Monday 6 October 2014

Rock 'n' Roll High School (1979)



Apparently this film was originally intended to feature Cheap Trick, but a schedule conflict forced a different band to take centre stage.  I suspect that conflict may have been 'Cheap Trick finally having a hit record in the US'.  But I also suspect the film is the better for featuring a more no frills band like the Ramones.

The movie tells the story of Vince Lombardi High, an exaggerated version of every troubled high school in cinema history.  There aren't just boys smoking in the bathroom; it's literally impossible to see in there due to the miasma that fills the room.  The new principal, Ms Togar (Mary Woronov from Death Race 2000, which automatically makes me root for her) isn't just a strict disciplinarian: she's an out and out lunatic.  And so on and so forth.

Togar's chief adversary is "Riff" Randall.  Riff's a huge fan of the Ramones, and with the technical assistance of her brilliant best friend Kate, she's always up to hijinks of one kind or another.  Togar can't abide Riff's refusal to follow the rules, and Riff has no time for Togar's strict regulations.

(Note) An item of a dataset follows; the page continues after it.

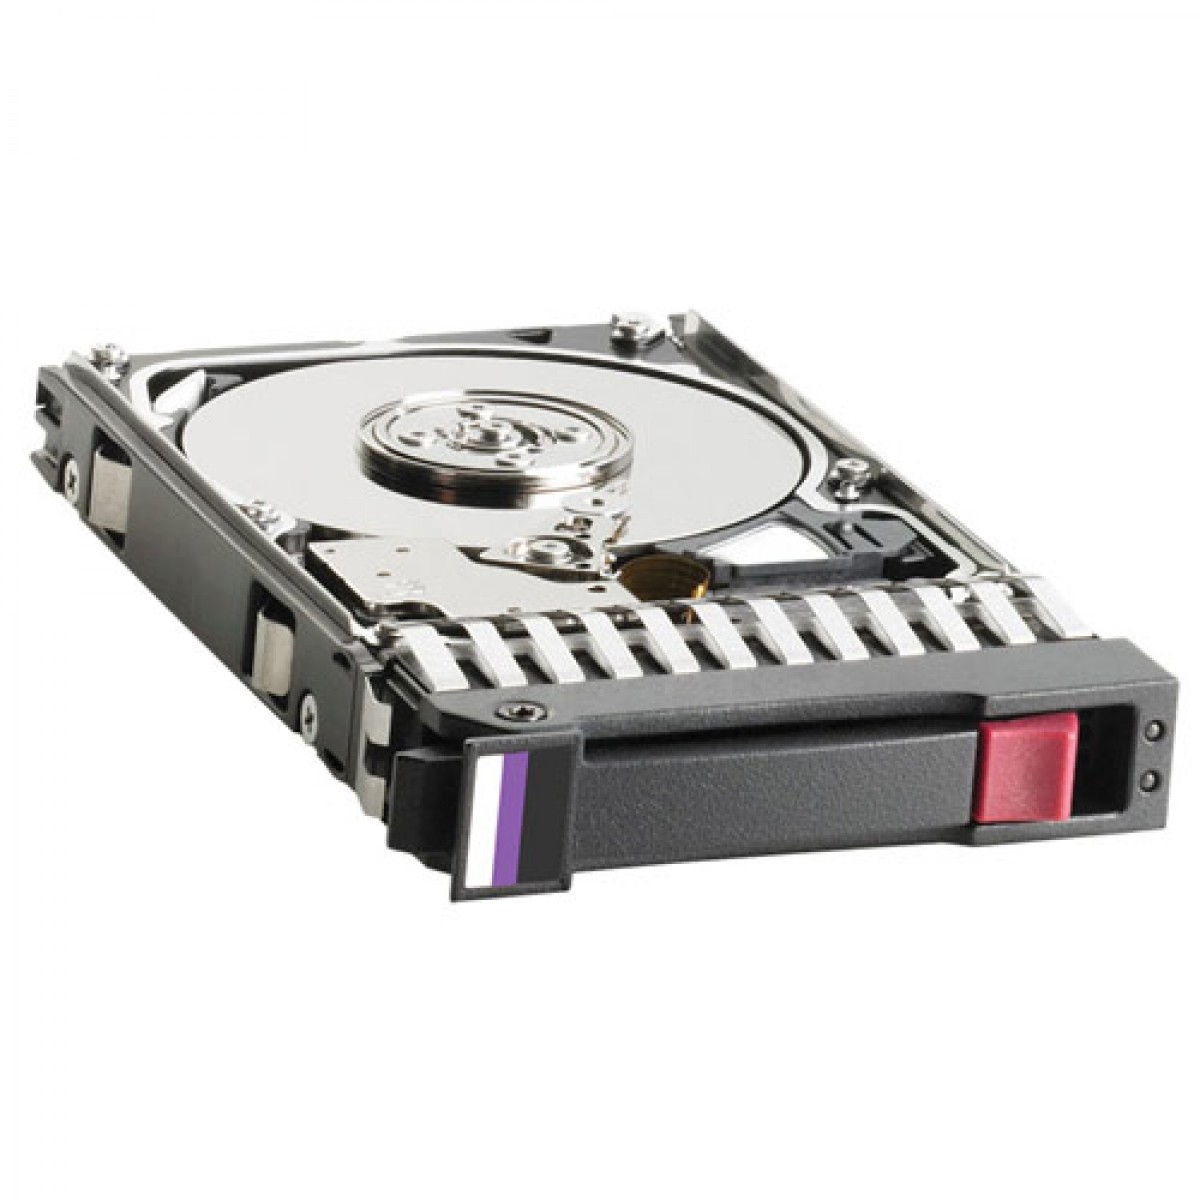 "Hewlett Packard Enterprise Hpe Dual Port Enterprise - Hard Drive - 72 Gb - Hot-swap - 2.5"" Sff - Sas - 15000 Rpm 418371-b21 - xep01"
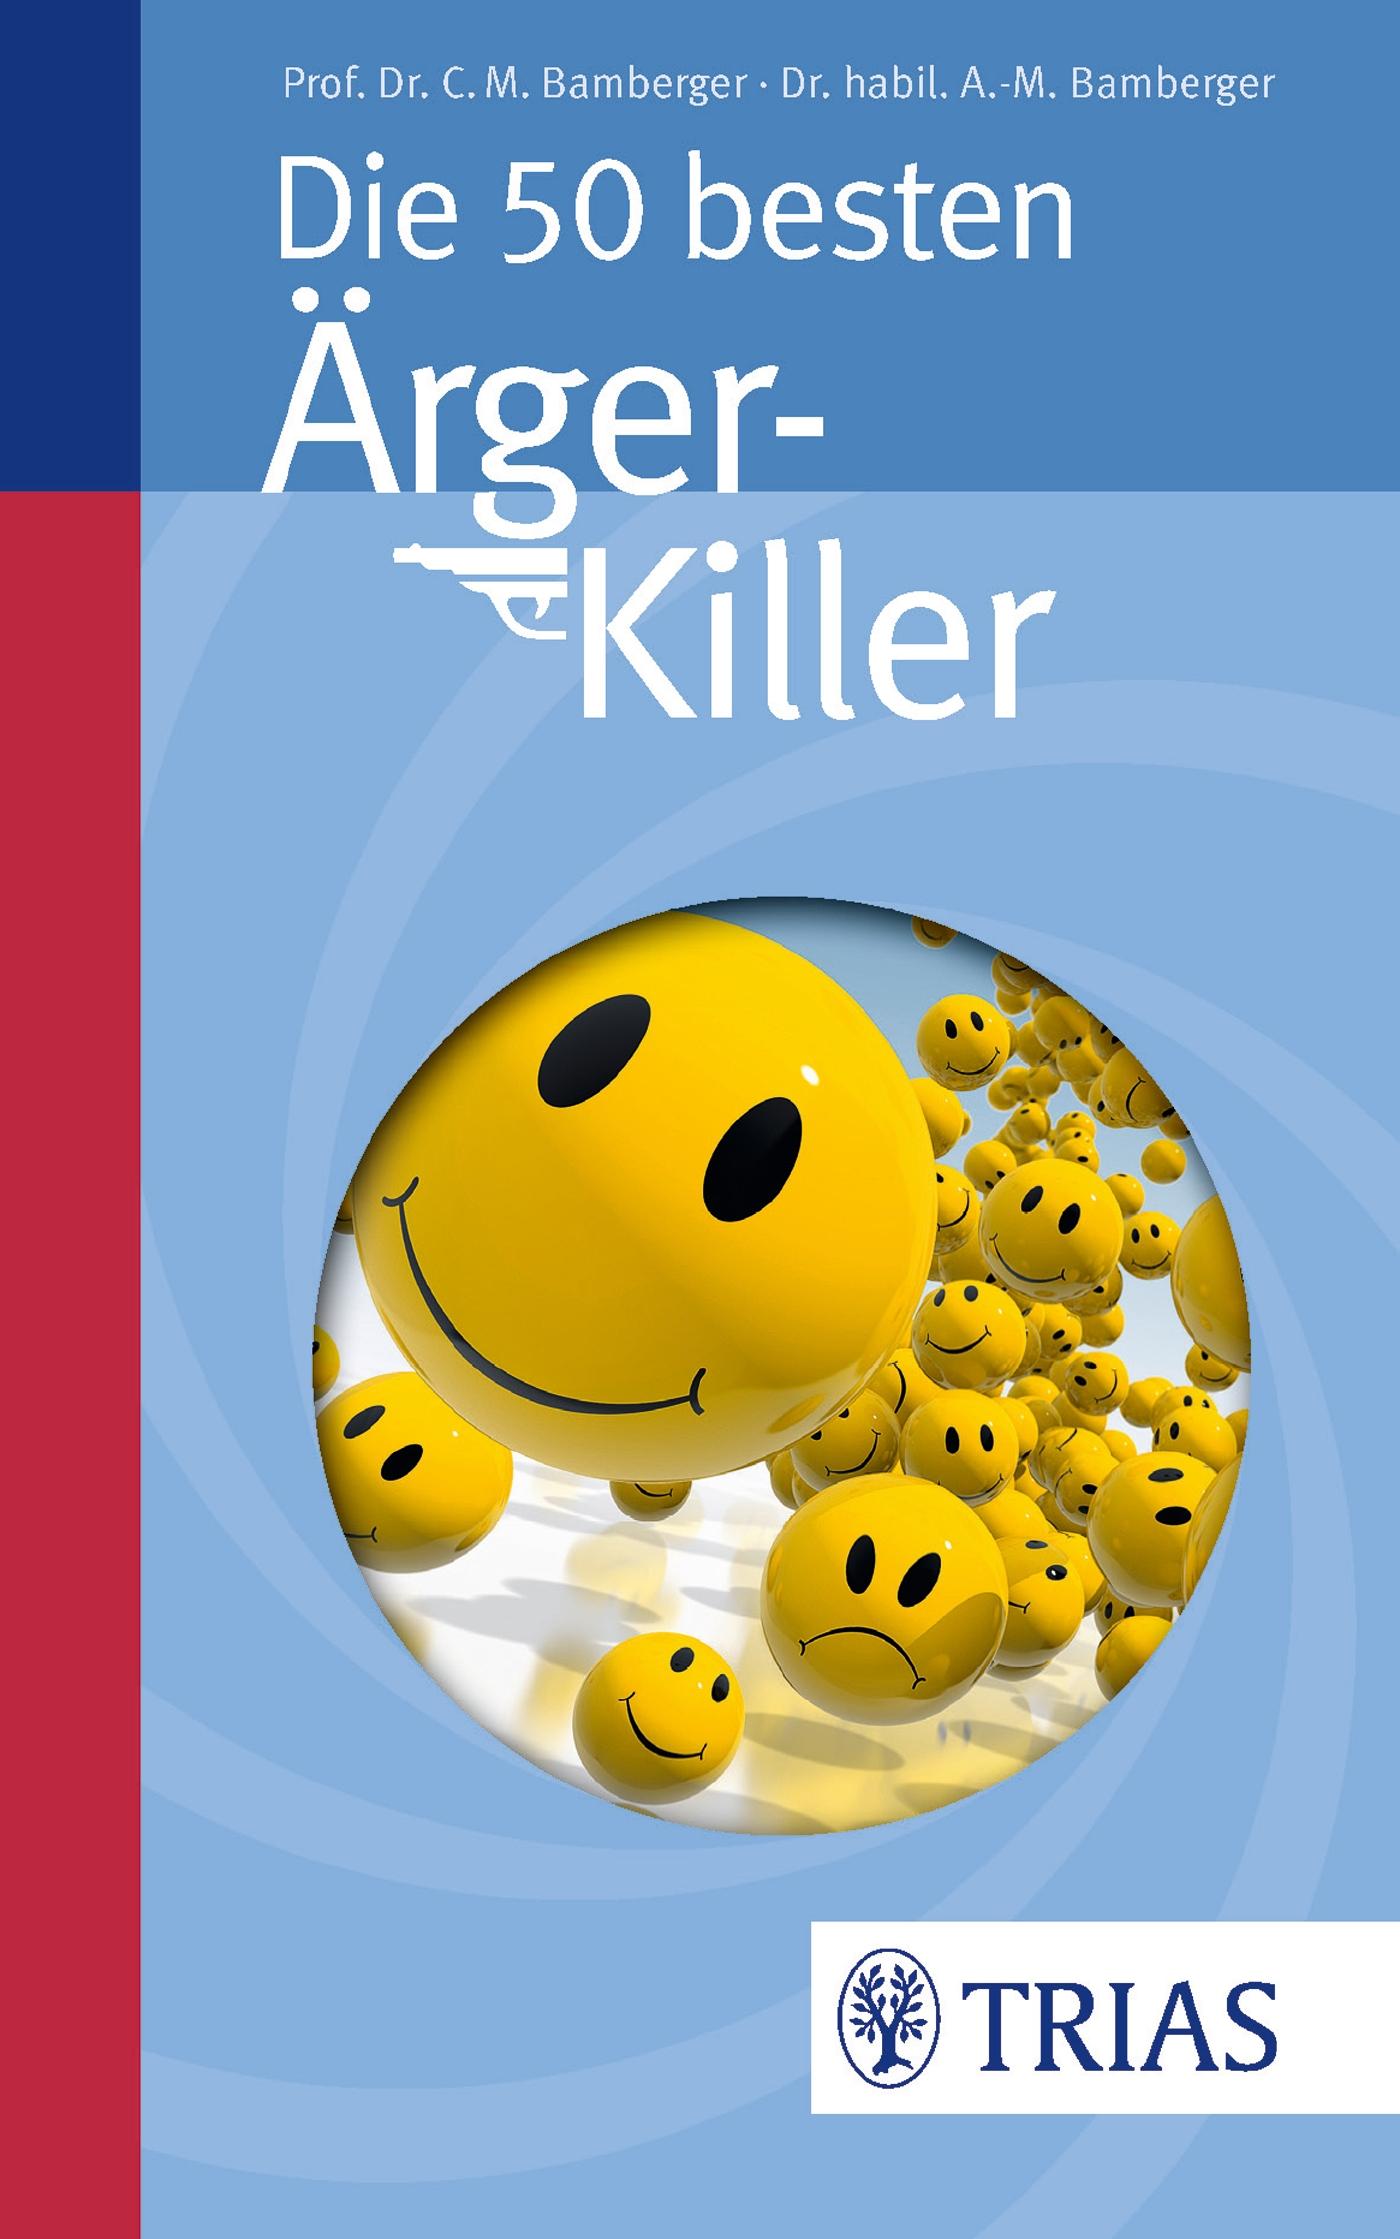 Die 50 besten Ärger-Killer

As I watched the first ten minutes of this film, I rolled my eyes at a lot of the jokes, with their obvious "standard motifs turned up to 11" vibe.  But the film's strength is its commitment to those jokes.  It keeps coming back to them: turning them up to 12, then 15, then 20.  A running gag involving testing the effects of rock music on lab mice, for instance, grows steadily more and more absurd while being treated as ever more pedestrian and normal by everyone involved.

So this did manage to worm a few laughs out of me, and at the end of it I feel pretty well disposed toward it.  It's a very simple movie, with a broad sense of humour and a heavy reliance on tried and true themes of teenage rebellion to win the hearts of its intended audience, but it does what it does pretty well.

The problem of course, is that "what it does" is something a lot of films do.  This film's attempt to stand out comes from trying to tie into the fanbase of a rising rock band (though the Ramones never did quite turn their cult status into true chart success), and whether or not you're going to be interested probably comes down to whether you're the kind of person to throw up the horns for Sheena is a Punk Rocker or not.